### Collected material
____________
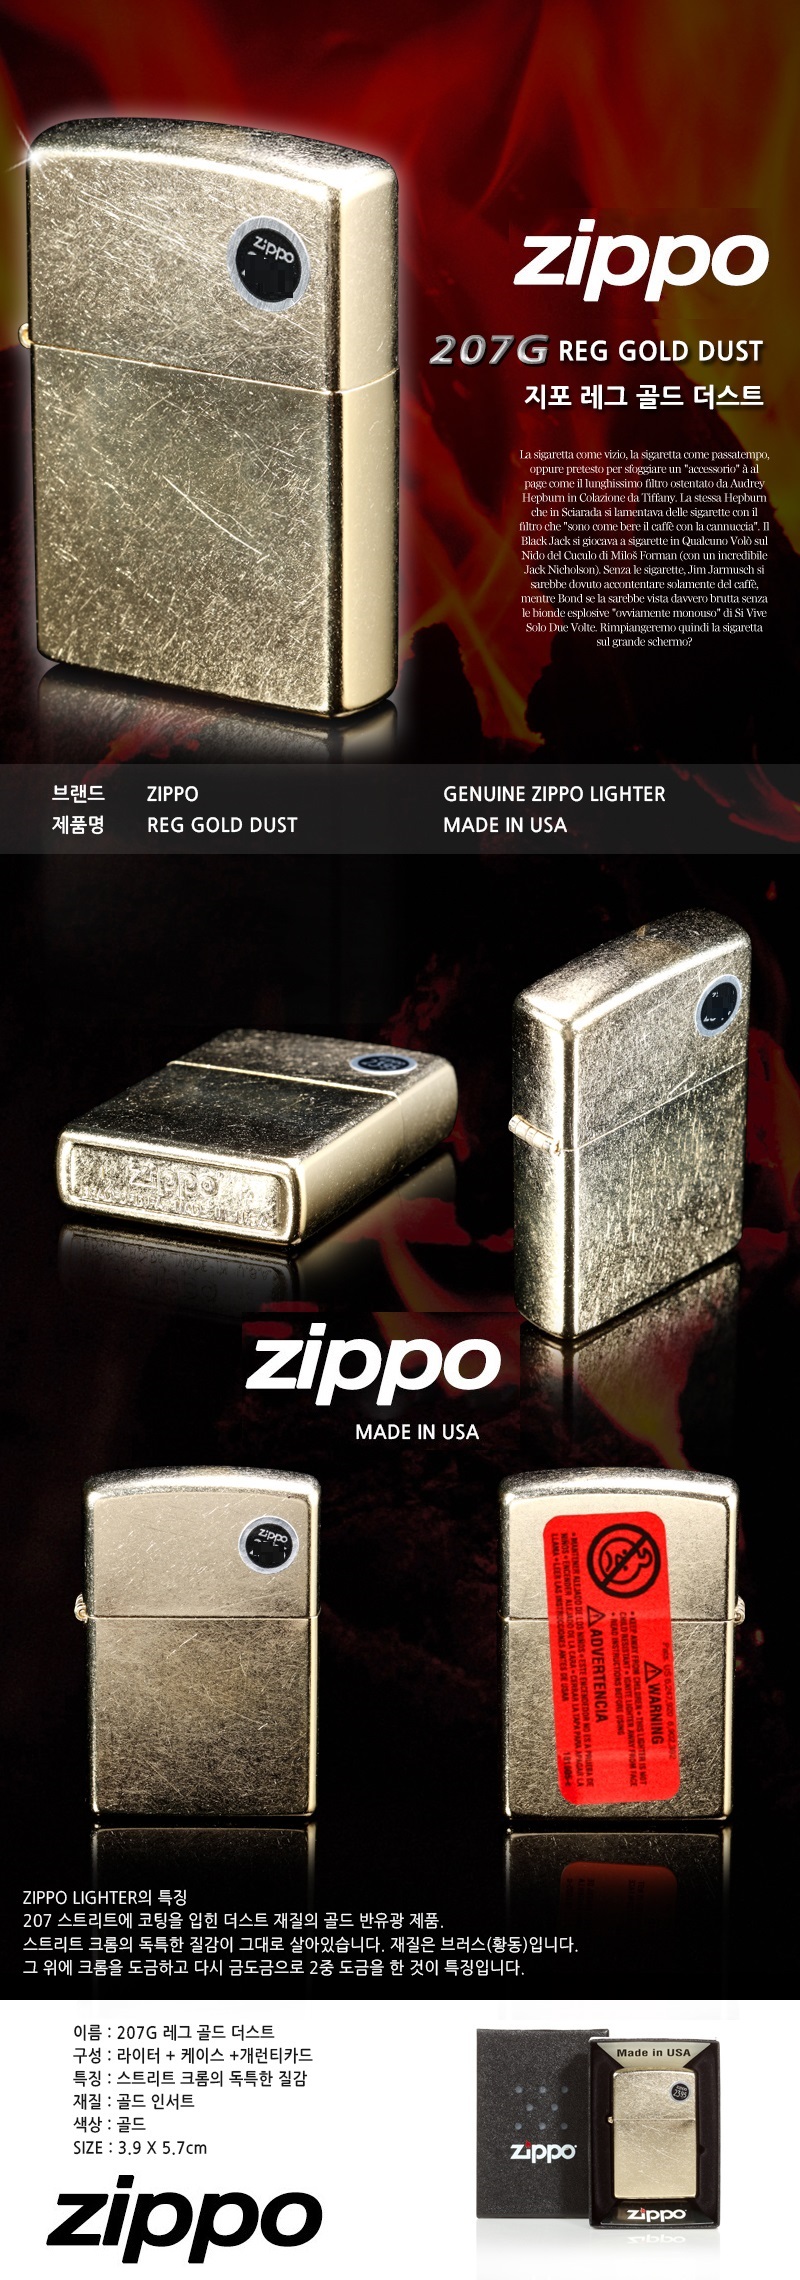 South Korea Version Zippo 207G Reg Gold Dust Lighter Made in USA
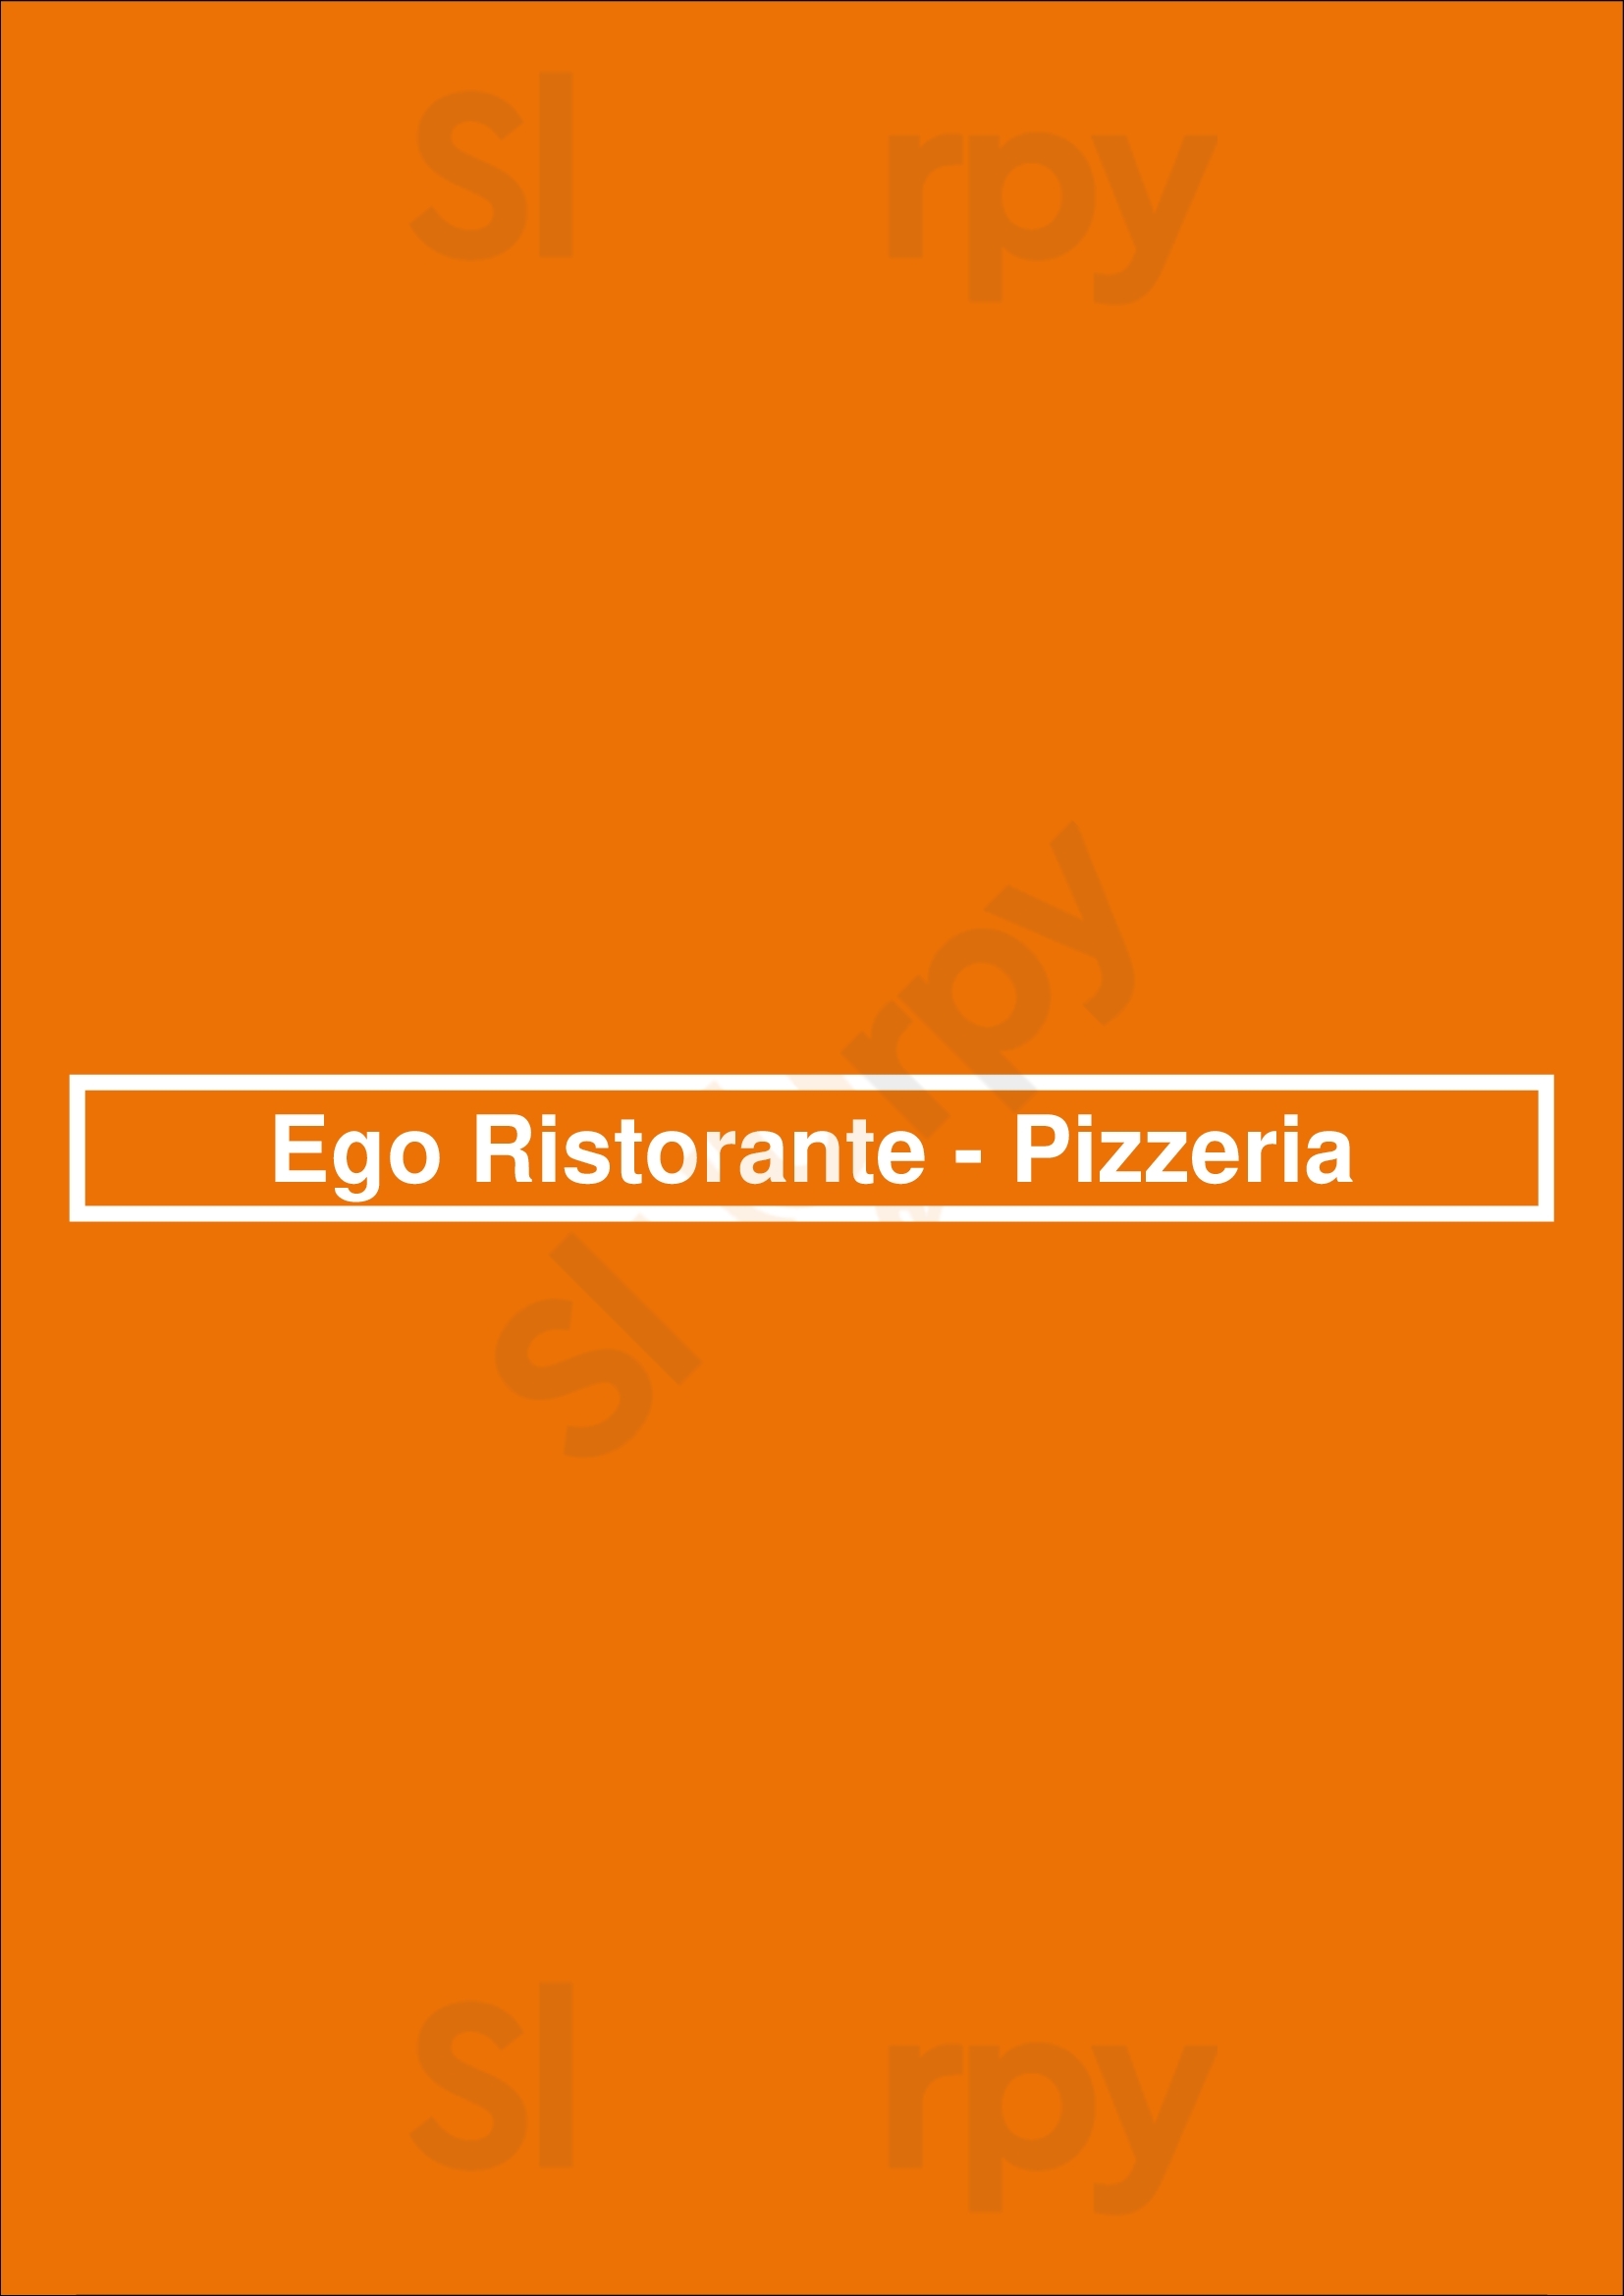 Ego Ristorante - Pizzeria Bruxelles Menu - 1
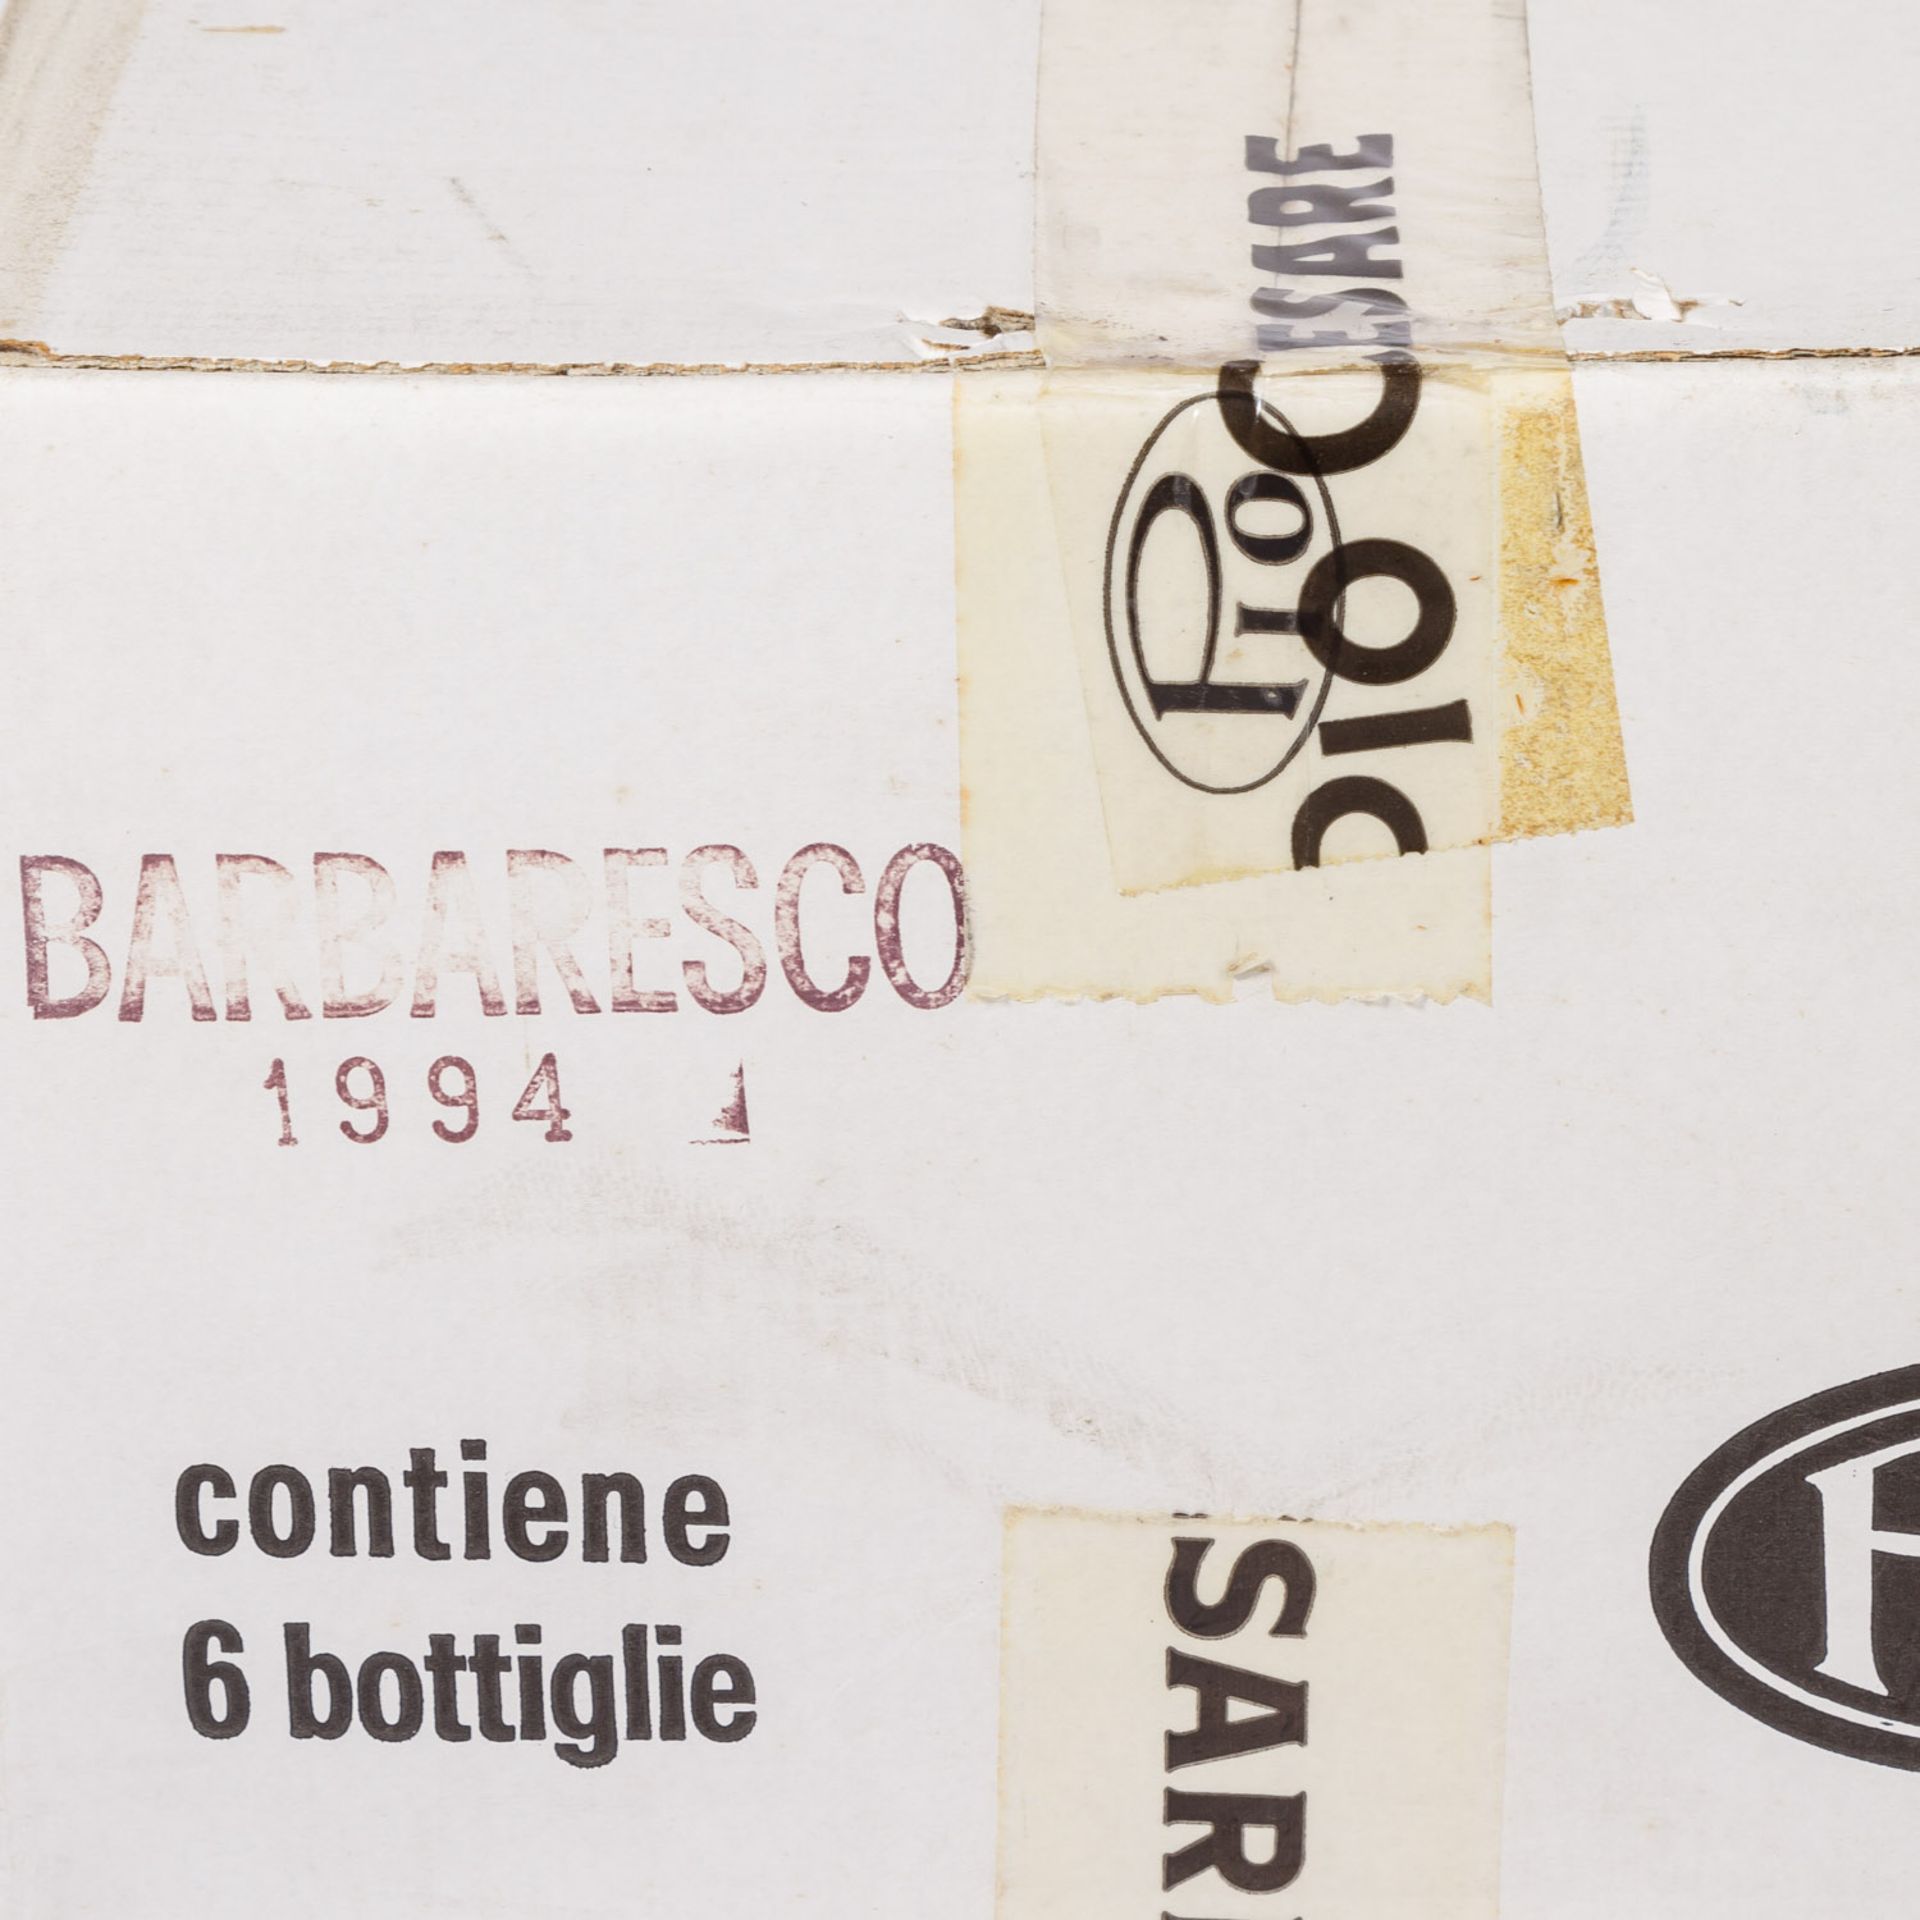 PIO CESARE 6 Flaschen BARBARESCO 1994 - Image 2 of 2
____________
### What you have to do
Every line above should be transcribed word for word; leave the pictures out.

### Written response
 South Korea Version Zippo 207G Reg Gold Dust Lighter Made in USA
 Ego Ristorante - Pizzeria Bruxelles Menu - 1
 PIO CESARE 6 Flaschen BARBARESCO 1994 - Image 2 of 2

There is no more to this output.